Did Lynch Nix Espionage Act Charges Against Hillary Clinton?

Did Lynch Nix Espionage Act Charges Against Hillary Clinton?
Former U.S. Secretary of State Hillary Clinton speaks during an conference on gender equality at the occasion of the International Women's day on March 8, 2019, at the BI Norwegian Business School in Oslo. (Berit Roald /AFP/Getty Images)

Michael Dorstewitz By Wednesday, 13 March 2019 12:42 PM EDT Current | Bio | Archive

A newly-released transcript of former FBI lawyer Lisa Page’s congressional testimony reveals that then-FBI Director James Comey was considering charges against former Democratic presidential nominee Hillary Clinton under the Espionage Act, but the Justice Department, headed by then-Attorney General Loretta Lynch, vetoed the idea.

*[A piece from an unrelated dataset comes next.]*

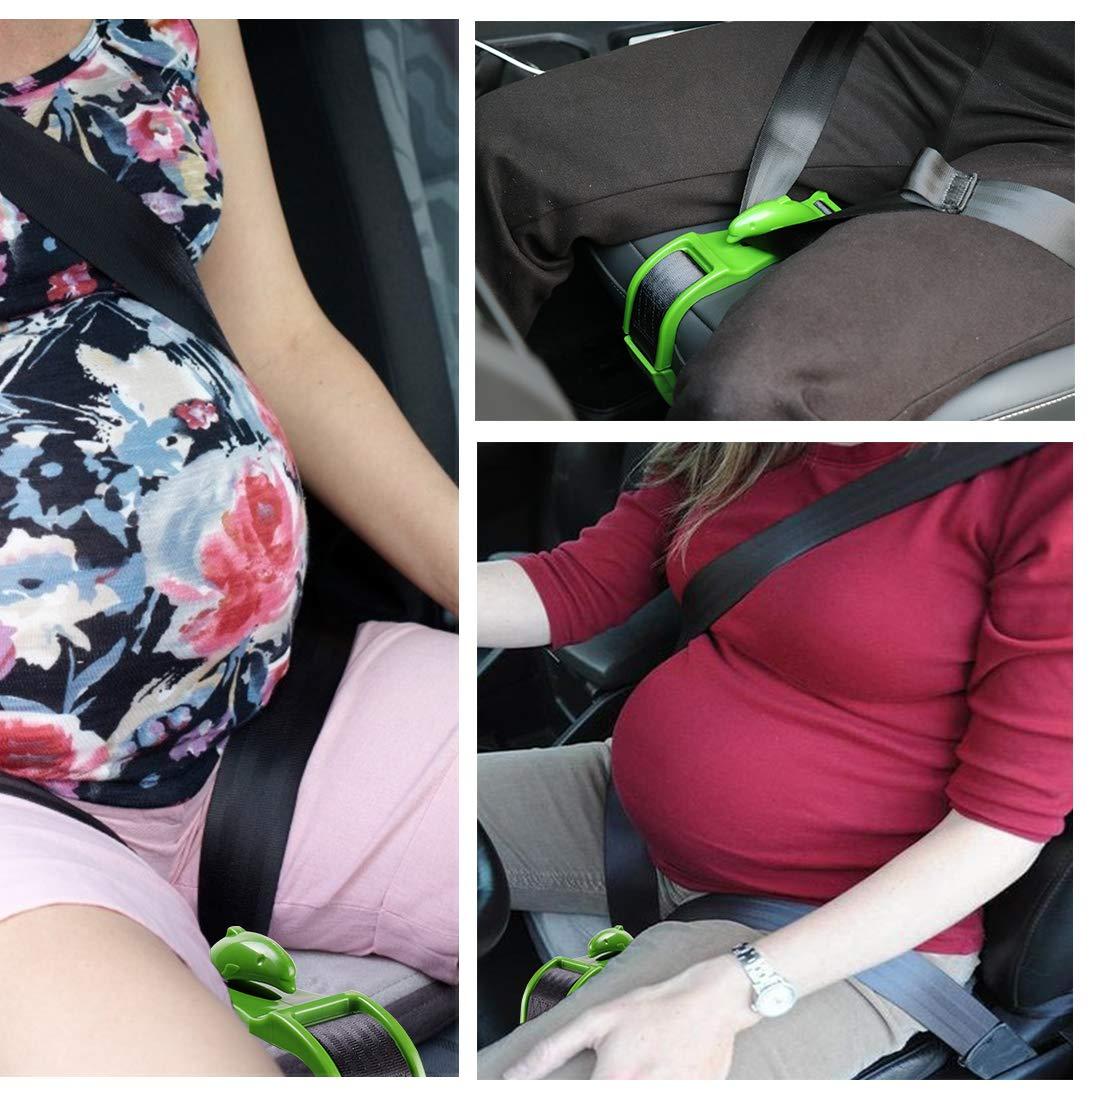 Belly Safety Pregnancy Car Seat Belt Adjuster Adjustable Seatbelt Hook Protection for Moms Safety Driving and Unborn Baby Pregnancy Maternity Bump Belt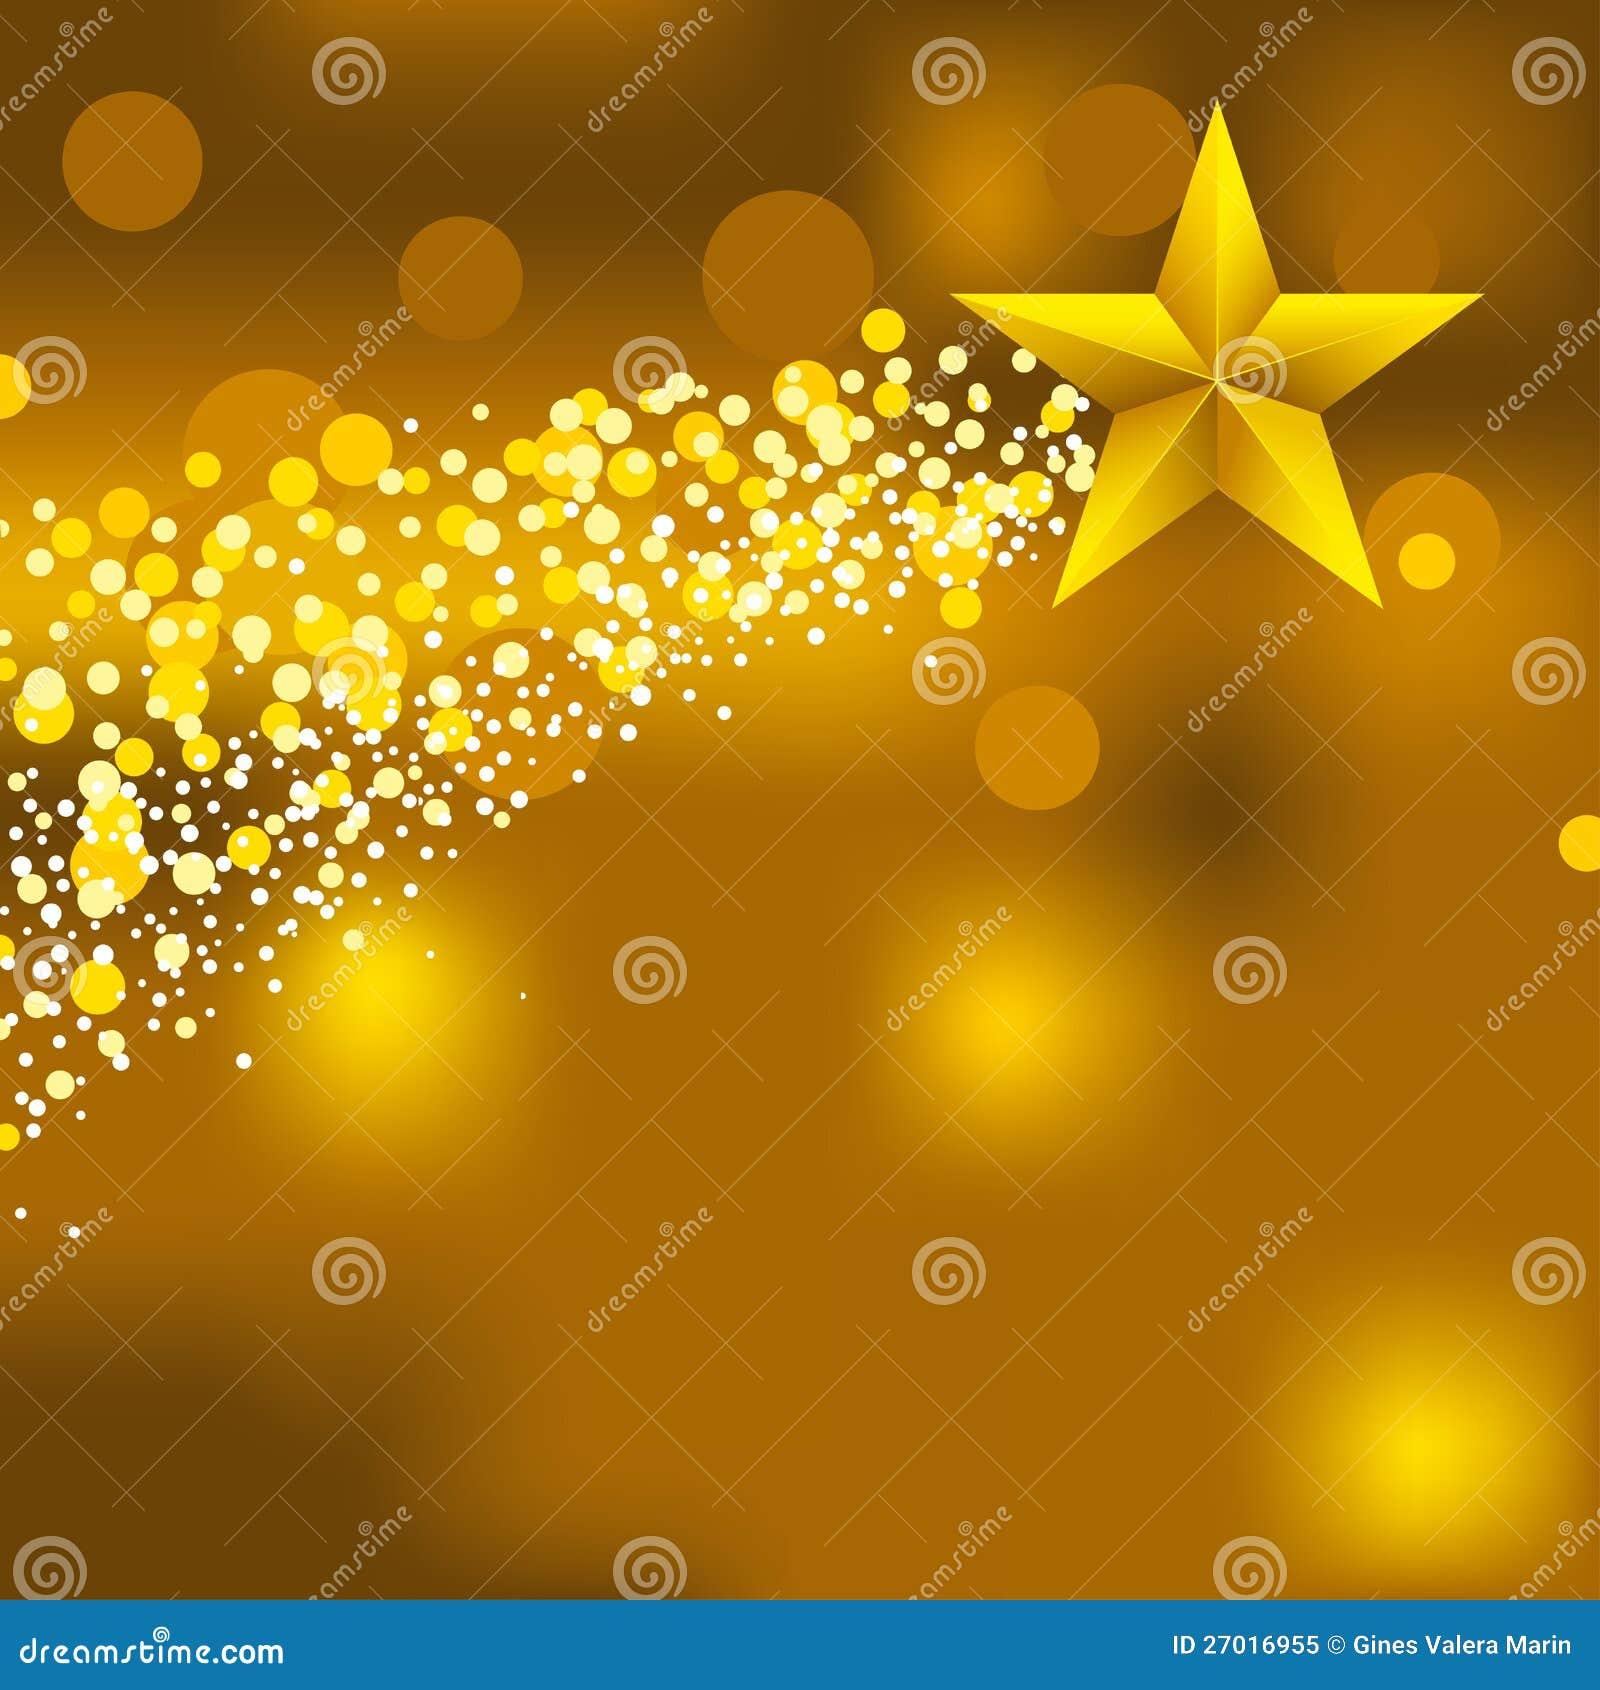 Christmas Star Background Royalty Free Stock Photo - Image: 27016955

At issue was Clinton’s mishandling of classified information on a private email server while she served as secretary of state.

The FBI "did not blow over gross negligence.” Page told the committee in response to a question from Rep. John Ratcliffe, R-Texas, the Washington Examiner reported Tuesday.

Page added that Clinton’s liability under a gross negligence standard was considered by the FBI, including Comey.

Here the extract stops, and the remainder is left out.